L’usine Supermétal de Sherbrooke est à la recherche de soudeurs-assembleurs pour travailler dans sa nouvelle surface de travail de 45 000 pieds carrés. Sur la photo, Martin Lafrance , directeur des ressources humaines de l’entreprise.

Supermétal: trouver 50 employés en 50 jours

50 employés en 50 jours, voilà le défi que s’est lancé le fabricant de charpentes métalliques Supermétal de Sherbrooke pour pallier son manque important de soudeurs-assembleurs. Cette forte demande est reliée à l’ajout de 45 000 pieds carrés de surface de travail qui représentent désormais 40 % de la surface totale de l’usine située sur la rue de la Courcelette.

« On est dans une situation où l’embauche est extrêmement difficile, explique Martin Lafrance, directeur des ressources humaines. On ne trouve pas de gens. Ça fait en sorte qu’on ne cherche pas de nouveaux contrats parce qu’on n’a pas la main d’œuvre pour le faire. »

« Les métiers traditionnels sont moins recherchés par les jeunes, admet-il. Ils se tournent beaucoup vers l’informatique ou des métiers qui ne sont pas manufacturiers. Ils se forment donc moins de soudeurs-assembleurs qu’avant, c’est certain. »
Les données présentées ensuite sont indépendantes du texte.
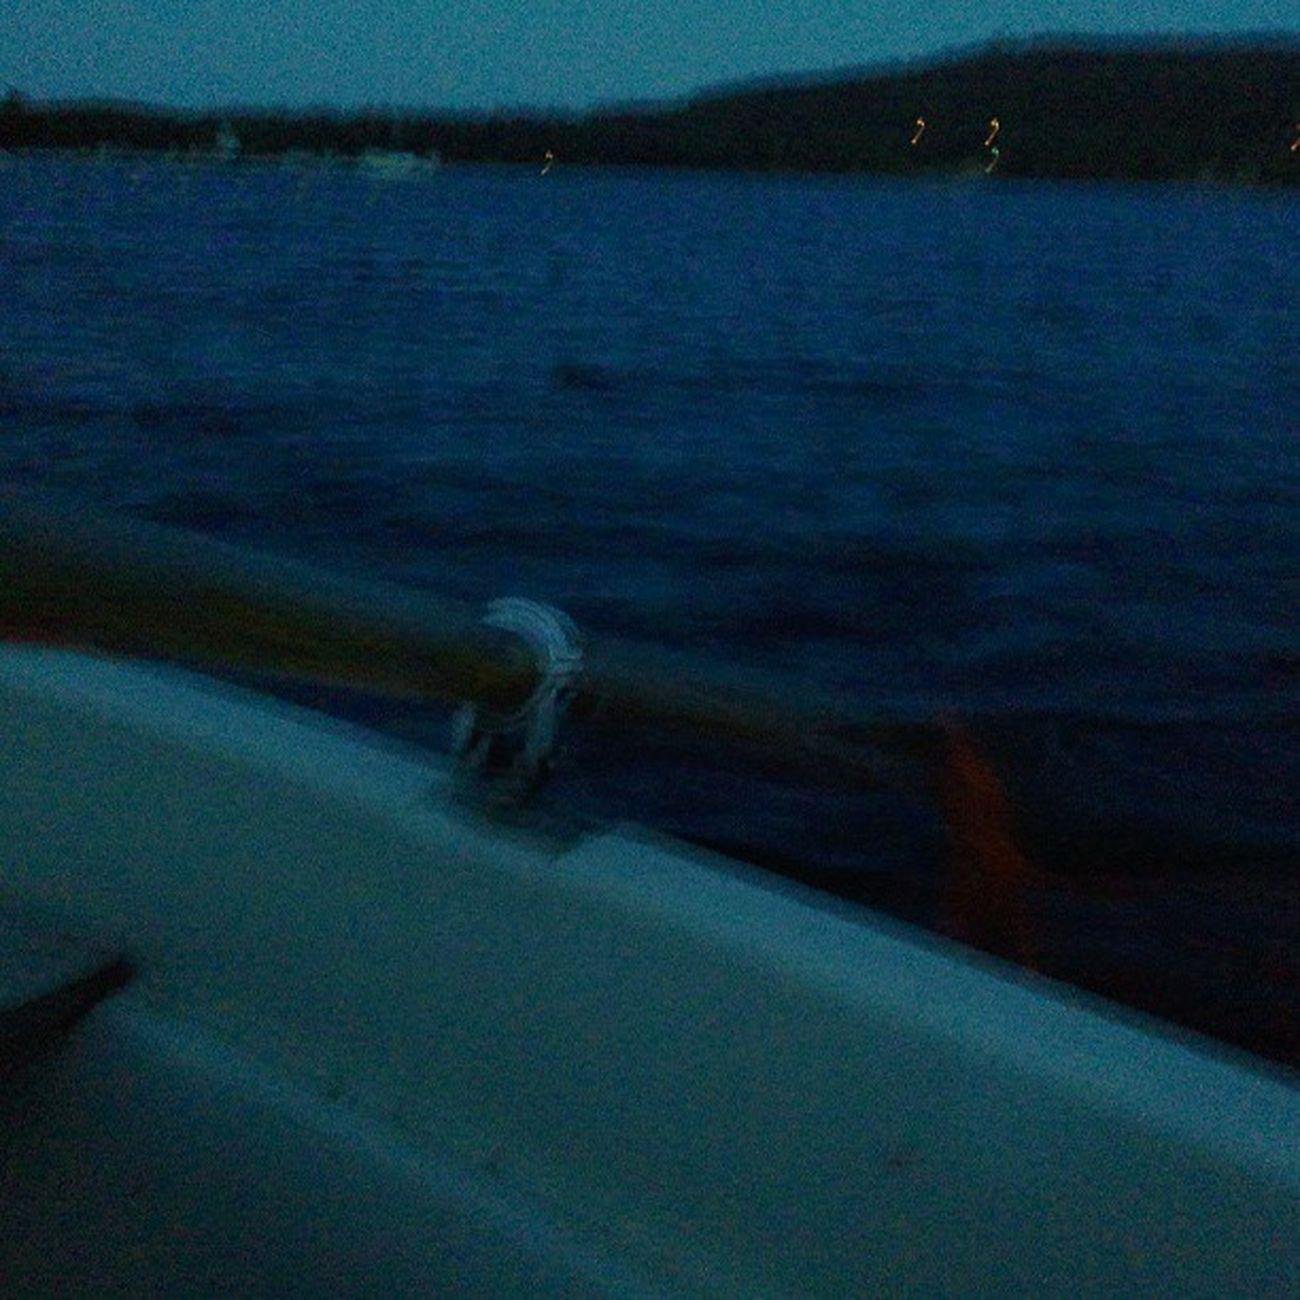 Vaha Pelastusveneillää Pussikalja Jeejee Katis Kiesil LOL Kesä2013

De toutes les installations de Supermétal en Amérique du Nord, Sherbrooke est celle qui peut fabriquer les plus grosses pièces. L’espace et la capacité de levage des grues internes permettent à l’usine de produire des charpentes de métal pouvant peser jusqu’à 85 tonnes. Celles-ci servent ensuite pour des ponts et viaducs comme l’échangeur Turcot à Montréal. Supermétal a également des contrats à Calgary, Niagara Falls et pour le MIT à Boston.

« Les pièces doivent être fabriquées de façon très précises pour s’assembler facilement sur le chantier de construction, explique Martin Lafrance. On en sort seulement quelques-unes par semaine. »

L’usine de Sherbrooke, qui se spécialise justement dans les contrats pour les ponts, organise une foire d’emploi jeudi à Sherbrooke à l’Hôtel Times de Sherbrooke de 8 h à 17 h.

Et pas nécessairement besoin d’être un expert soudeur.

« On a réussi à former des gens qui n’avaient aucune base, ajoute M. Lafrance. On offre une zone-école. Quelqu’un va leur montrer tous les concepts et la théorie. On va leur mettre un fusil à souder dans les mains et ils vont pouvoir se pratiquer. »

L’entreprise fait également partie d’un projet pour recruter des travailleurs philippins. Un groupe de 20 travailleurs devrait d’ailleurs bientôt arriver en Estrie.

S’ajoutent 19 employés qui ont dû être mis à pied temporairement lorsque l’entreprise a orienté sa production vers les ponts. Ils devraient toutefois tous réintégrer l’entreprise prochainement lors de l’obtention d’un nouveau contrat.

« Le problème qui s’est manifesté lorsqu’on a décidé de faire des ponts, c’est que ça prend énormément de place et on ne peut pas occuper tous nos employés. Avec notre nouvel espace, on va pouvoir ramener tous ces employés dès que nous aurons un nouveau contrat. Ils devraient revenir au mois de mai. »

Supermétal est basée à Lévis et exploite également des usines en Alberta et en Caroline du Sud.